**DATA EXCERPT:**
===

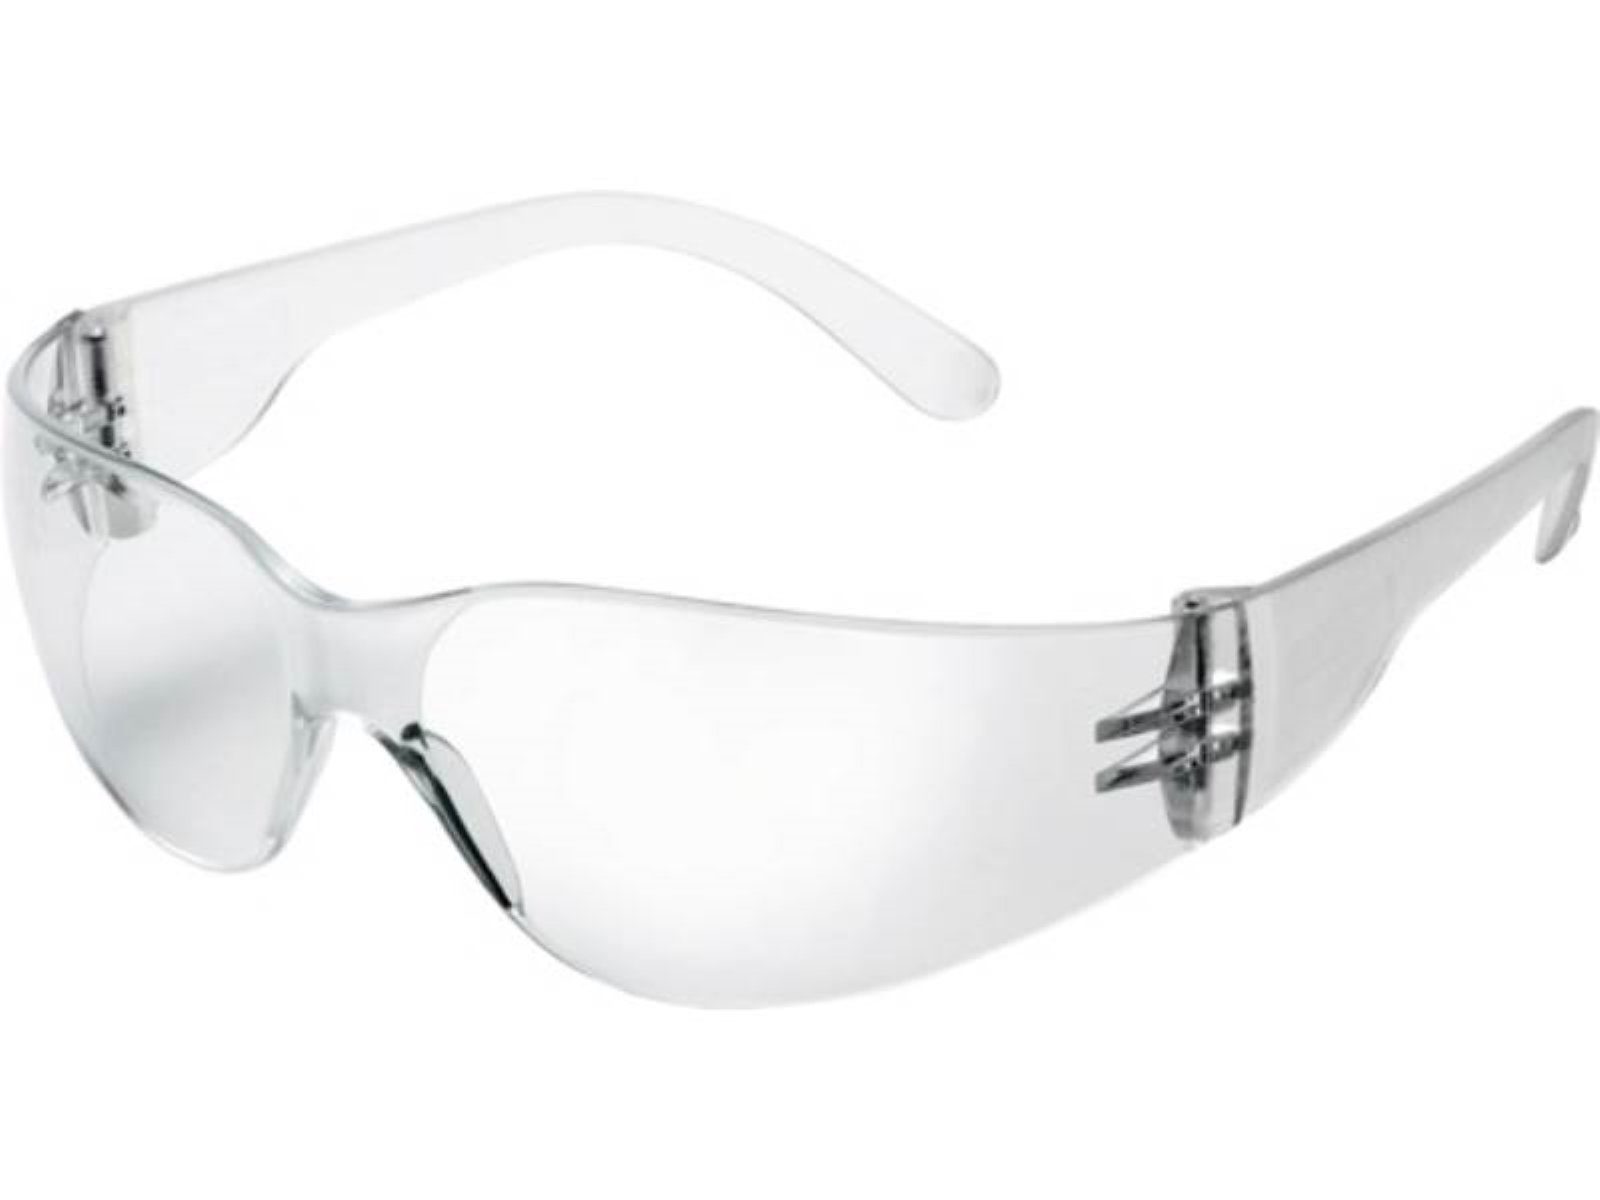 Univet Arbeitsschutzbrille Schutzbrille 568 EN 166,EN 170 Bügel klar,Scheibe klar PC UNIVET EN 1
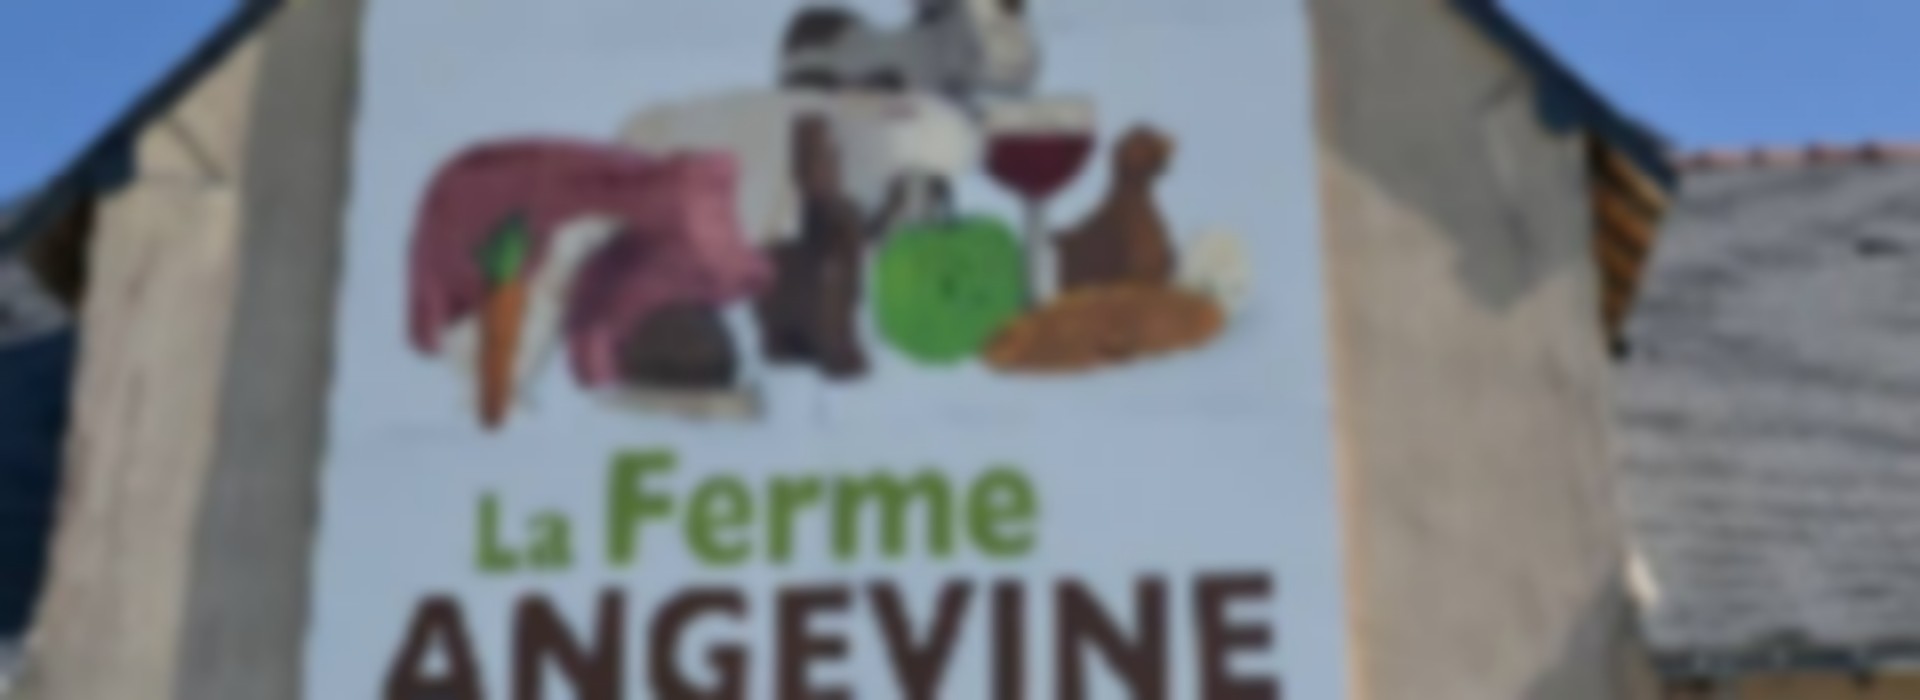 MARCHE BEAUCOUZE - LA FERME ANGEVINE
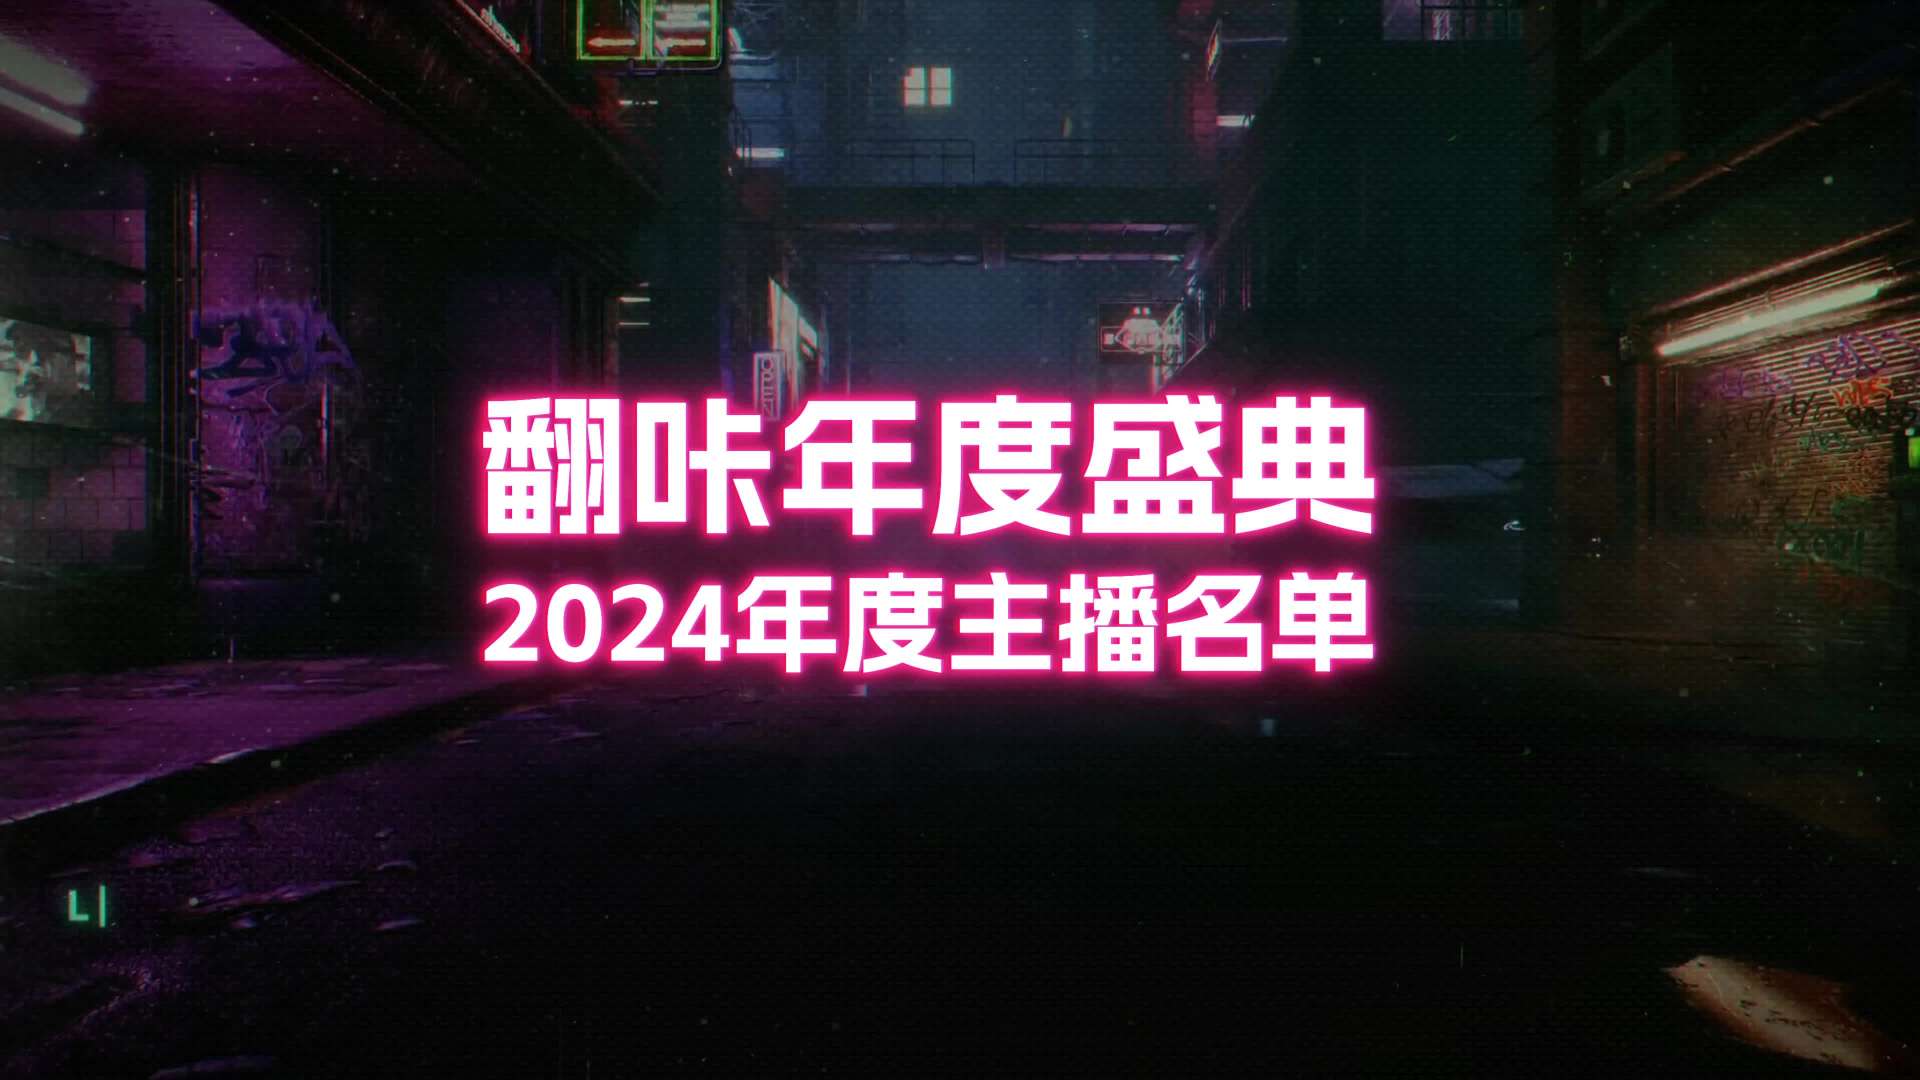 2024翻咔年度盛典开场视频
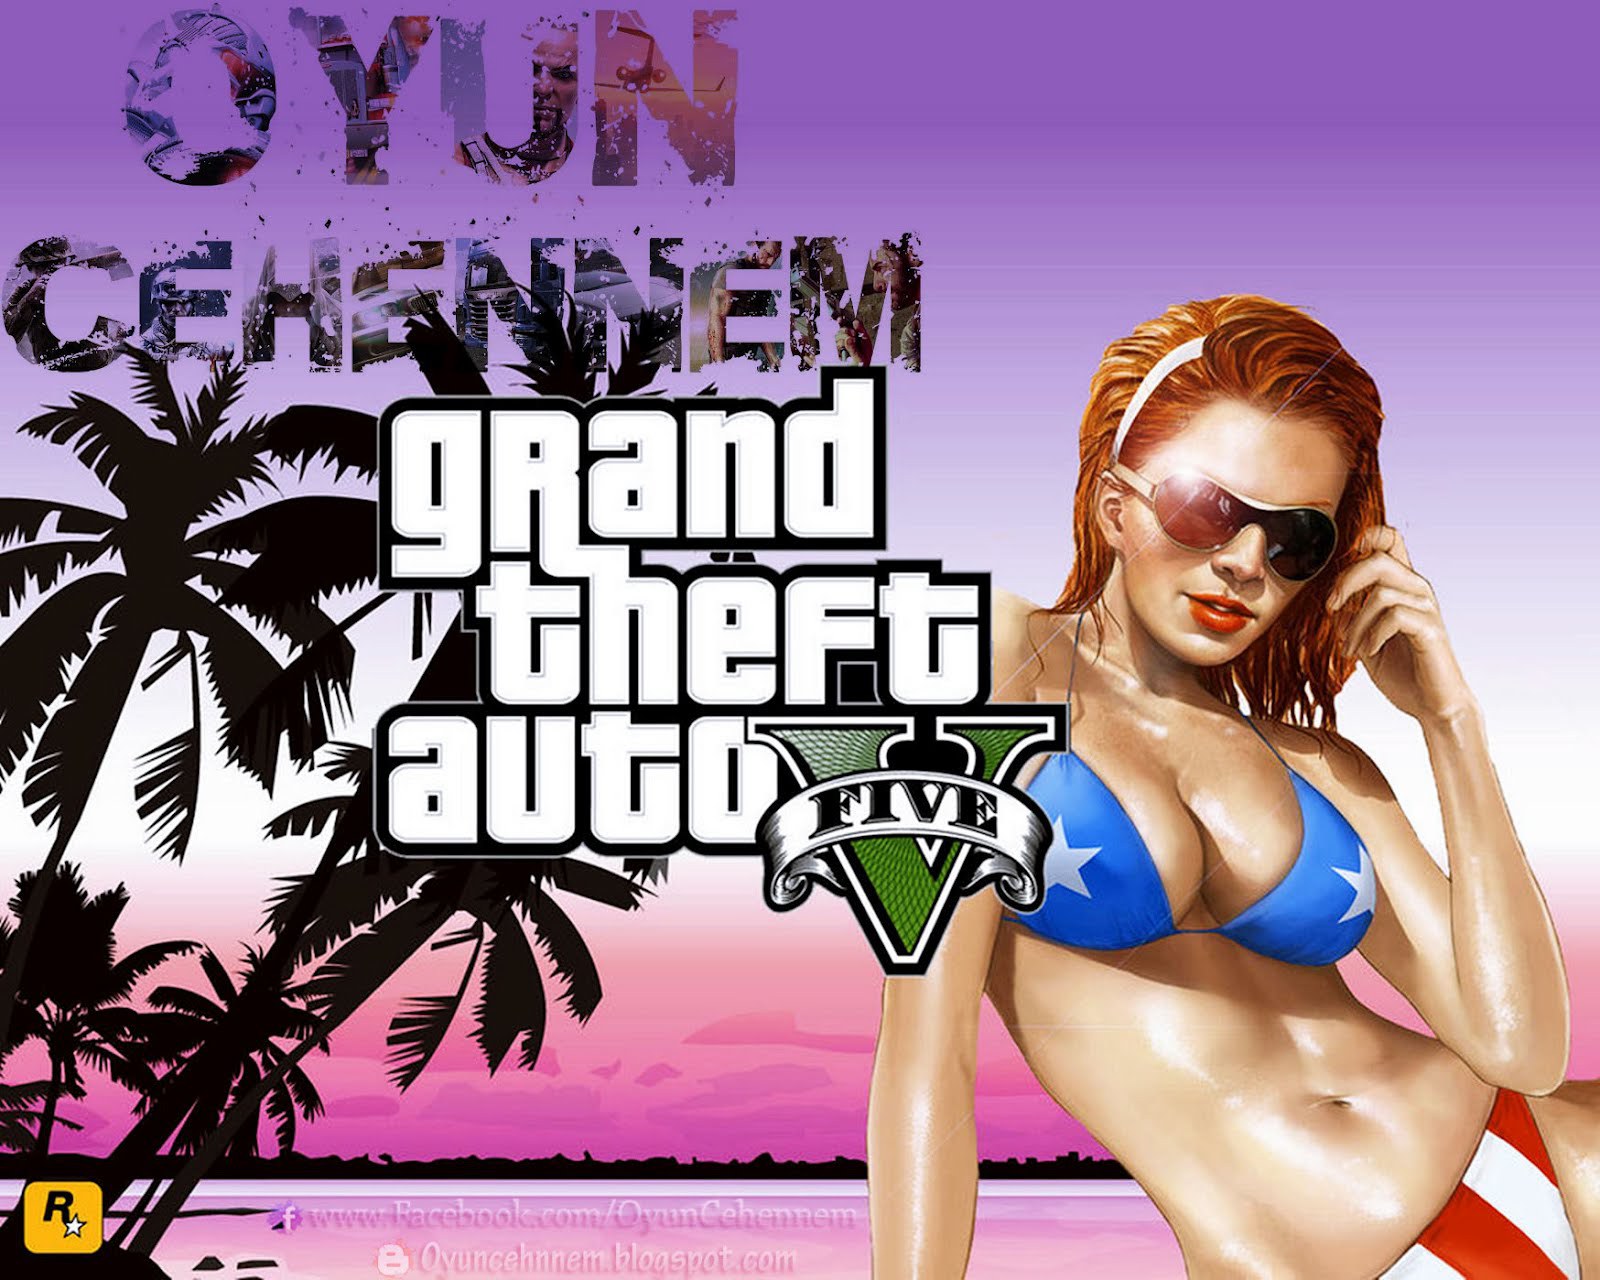 Zastaki.com - Grand Theft Auto V американская девушка

===

All of the material above must be given again verbatim, except for the pictures.

 Univet Arbeitsschutzbrille Schutzbrille 568 EN 166,EN 170 Bügel klar,Scheibe klar PC UNIVET EN 1
 MARCHE BEAUCOUZE - LA FERME ANGEVINE
 2024翻咔年度盛典开场视频
 Zastaki.com - Grand Theft Auto V американская девушка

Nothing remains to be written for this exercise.